Brief:
Find the line with "Jovani 02086 Hot" and the line with "Nintendo Mario Pinch" in the entries below; output exactly those two lines, every line between them, and no others.

Excerpted records:

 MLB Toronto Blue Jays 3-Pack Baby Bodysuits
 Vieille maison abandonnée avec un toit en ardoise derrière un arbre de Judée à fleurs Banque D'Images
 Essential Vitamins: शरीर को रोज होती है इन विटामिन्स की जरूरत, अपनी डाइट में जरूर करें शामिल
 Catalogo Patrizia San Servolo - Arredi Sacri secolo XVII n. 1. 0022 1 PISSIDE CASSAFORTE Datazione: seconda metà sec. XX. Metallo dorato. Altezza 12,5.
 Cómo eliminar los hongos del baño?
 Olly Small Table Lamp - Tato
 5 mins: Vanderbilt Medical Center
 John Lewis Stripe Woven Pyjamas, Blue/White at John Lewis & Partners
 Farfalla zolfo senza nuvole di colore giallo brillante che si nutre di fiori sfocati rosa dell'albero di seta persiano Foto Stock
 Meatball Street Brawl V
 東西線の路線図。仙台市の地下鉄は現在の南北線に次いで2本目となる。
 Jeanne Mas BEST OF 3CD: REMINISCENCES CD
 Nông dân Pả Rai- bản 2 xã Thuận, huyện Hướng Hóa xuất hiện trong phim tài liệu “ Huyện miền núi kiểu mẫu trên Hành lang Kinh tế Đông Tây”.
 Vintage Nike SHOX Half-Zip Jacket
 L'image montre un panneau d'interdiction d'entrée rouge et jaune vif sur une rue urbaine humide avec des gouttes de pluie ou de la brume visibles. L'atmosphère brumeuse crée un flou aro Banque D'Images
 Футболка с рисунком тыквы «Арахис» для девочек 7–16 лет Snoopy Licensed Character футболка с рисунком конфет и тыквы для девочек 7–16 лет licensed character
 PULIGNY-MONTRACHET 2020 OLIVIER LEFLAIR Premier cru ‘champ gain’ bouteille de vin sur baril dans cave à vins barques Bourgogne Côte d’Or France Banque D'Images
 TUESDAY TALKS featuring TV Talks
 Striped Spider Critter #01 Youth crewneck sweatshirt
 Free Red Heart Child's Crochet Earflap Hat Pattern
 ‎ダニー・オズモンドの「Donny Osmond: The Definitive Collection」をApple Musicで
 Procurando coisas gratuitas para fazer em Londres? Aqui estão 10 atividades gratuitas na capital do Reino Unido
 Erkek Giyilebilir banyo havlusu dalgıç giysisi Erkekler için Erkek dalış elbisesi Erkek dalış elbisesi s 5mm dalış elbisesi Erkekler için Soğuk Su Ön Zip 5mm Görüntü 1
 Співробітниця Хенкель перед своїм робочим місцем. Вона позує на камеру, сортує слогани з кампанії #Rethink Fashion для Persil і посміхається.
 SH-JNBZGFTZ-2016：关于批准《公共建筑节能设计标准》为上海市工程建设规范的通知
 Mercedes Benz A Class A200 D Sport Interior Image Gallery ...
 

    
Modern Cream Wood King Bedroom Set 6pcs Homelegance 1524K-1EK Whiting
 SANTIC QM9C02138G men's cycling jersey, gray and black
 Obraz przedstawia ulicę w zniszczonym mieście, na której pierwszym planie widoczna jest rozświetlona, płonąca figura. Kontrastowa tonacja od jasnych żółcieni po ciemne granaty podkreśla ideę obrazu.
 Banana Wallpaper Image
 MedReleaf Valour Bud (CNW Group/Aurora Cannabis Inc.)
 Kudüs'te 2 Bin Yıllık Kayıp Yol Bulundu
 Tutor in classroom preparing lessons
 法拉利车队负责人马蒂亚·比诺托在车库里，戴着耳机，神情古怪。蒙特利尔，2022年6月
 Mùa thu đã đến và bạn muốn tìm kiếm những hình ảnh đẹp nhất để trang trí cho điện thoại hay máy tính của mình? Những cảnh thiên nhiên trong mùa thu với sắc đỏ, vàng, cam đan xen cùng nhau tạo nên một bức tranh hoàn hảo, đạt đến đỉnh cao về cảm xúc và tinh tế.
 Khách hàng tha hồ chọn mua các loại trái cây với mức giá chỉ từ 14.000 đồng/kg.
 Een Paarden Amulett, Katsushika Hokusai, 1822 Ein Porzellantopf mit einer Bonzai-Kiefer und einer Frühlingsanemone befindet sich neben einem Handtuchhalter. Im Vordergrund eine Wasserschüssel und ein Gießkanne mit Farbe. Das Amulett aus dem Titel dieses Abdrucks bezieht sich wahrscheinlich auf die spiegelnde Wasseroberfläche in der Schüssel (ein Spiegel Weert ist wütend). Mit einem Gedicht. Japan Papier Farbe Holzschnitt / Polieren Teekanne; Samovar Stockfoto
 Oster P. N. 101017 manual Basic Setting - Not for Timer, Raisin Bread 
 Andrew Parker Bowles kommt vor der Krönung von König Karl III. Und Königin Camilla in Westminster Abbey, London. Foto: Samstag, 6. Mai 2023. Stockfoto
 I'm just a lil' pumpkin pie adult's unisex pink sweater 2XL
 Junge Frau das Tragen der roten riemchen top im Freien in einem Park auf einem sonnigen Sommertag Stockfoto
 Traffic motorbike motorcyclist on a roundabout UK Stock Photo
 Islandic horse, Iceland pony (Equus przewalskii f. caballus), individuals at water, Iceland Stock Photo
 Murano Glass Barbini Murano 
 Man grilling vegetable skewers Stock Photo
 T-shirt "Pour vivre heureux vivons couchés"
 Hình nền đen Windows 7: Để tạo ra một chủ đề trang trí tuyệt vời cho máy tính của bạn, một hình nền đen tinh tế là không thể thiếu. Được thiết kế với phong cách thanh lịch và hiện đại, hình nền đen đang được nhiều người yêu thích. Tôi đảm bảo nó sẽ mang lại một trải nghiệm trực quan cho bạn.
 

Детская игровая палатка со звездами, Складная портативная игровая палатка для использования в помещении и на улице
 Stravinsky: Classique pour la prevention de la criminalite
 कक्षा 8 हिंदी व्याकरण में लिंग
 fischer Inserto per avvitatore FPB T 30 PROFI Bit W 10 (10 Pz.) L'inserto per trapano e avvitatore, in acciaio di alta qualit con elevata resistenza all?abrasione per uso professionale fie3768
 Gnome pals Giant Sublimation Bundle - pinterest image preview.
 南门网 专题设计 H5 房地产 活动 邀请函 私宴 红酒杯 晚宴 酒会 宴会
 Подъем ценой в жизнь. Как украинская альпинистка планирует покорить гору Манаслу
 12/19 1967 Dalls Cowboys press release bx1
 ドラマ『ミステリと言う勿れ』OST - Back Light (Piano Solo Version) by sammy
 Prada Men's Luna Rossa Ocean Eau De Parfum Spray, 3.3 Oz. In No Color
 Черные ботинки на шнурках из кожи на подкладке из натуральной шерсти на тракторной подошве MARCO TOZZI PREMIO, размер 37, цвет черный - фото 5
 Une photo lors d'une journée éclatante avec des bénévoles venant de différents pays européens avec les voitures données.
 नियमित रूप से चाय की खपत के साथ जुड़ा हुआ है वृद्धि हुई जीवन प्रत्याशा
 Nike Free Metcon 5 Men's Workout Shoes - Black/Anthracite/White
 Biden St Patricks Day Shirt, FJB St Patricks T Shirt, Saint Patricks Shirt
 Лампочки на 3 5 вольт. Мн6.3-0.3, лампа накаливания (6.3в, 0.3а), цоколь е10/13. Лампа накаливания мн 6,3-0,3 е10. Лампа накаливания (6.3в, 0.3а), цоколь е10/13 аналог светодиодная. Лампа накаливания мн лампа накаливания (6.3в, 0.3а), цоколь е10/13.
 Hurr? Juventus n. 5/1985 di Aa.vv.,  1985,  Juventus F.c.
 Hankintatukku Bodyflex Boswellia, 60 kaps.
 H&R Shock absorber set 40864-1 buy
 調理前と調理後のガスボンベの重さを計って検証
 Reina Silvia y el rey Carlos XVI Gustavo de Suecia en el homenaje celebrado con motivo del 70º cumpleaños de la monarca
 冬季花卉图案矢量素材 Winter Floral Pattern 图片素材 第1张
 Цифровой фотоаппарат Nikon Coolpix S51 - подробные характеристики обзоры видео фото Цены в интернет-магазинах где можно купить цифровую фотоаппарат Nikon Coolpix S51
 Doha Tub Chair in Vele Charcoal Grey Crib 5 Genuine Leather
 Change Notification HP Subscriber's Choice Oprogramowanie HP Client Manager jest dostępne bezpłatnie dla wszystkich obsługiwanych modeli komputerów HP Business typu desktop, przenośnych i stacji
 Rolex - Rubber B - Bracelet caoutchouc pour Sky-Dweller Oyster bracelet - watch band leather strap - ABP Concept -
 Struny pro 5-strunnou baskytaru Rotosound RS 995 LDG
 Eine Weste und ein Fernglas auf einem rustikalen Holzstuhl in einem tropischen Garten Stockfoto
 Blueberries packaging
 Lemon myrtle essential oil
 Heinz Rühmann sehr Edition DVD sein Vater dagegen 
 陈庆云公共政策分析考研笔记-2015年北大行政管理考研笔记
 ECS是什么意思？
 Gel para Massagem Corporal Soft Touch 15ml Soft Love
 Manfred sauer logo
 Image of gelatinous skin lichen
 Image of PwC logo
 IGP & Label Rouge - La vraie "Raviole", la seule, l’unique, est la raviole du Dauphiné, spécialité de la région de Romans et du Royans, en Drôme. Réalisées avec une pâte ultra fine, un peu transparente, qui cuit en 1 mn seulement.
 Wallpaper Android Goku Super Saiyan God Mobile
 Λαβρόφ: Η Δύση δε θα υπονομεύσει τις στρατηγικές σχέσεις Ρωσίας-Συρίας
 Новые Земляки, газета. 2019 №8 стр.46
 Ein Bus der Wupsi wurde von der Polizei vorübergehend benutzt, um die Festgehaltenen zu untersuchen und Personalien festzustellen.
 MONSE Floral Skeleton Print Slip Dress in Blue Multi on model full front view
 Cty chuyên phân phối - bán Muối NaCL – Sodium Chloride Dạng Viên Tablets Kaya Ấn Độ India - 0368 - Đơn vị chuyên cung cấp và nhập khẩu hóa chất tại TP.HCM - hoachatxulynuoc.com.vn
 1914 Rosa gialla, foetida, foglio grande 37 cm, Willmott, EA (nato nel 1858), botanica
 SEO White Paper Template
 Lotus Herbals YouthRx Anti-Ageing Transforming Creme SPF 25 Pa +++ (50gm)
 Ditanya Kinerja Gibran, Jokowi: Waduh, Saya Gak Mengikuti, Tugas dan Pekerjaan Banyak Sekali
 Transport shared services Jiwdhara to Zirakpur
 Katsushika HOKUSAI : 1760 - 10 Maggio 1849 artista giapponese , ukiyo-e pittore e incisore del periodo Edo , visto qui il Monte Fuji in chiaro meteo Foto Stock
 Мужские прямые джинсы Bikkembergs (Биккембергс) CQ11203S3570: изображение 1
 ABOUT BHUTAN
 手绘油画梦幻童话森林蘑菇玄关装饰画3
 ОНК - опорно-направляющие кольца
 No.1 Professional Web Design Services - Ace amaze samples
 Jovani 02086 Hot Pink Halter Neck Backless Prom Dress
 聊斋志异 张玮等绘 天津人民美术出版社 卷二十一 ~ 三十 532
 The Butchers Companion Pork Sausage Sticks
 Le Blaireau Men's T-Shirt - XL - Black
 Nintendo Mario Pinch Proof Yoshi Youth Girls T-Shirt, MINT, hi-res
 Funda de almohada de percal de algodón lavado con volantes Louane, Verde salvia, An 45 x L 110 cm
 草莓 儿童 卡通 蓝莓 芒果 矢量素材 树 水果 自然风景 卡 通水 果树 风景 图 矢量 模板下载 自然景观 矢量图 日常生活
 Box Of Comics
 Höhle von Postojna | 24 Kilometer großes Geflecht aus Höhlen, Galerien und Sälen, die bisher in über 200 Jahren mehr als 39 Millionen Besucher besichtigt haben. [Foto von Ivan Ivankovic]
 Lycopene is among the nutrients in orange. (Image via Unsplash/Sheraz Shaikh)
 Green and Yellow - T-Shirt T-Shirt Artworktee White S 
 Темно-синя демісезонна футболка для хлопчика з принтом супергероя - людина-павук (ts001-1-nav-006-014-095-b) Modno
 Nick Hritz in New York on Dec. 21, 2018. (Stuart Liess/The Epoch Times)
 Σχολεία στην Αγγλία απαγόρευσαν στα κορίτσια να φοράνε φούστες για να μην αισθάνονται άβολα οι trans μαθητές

Result below:
 Jovani 02086 Hot Pink Halter Neck Backless Prom Dress
 聊斋志异 张玮等绘 天津人民美术出版社 卷二十一 ~ 三十 532
 The Butchers Companion Pork Sausage Sticks
 Le Blaireau Men's T-Shirt - XL - Black
 Nintendo Mario Pinch Proof Yoshi Youth Girls T-Shirt, MINT, hi-res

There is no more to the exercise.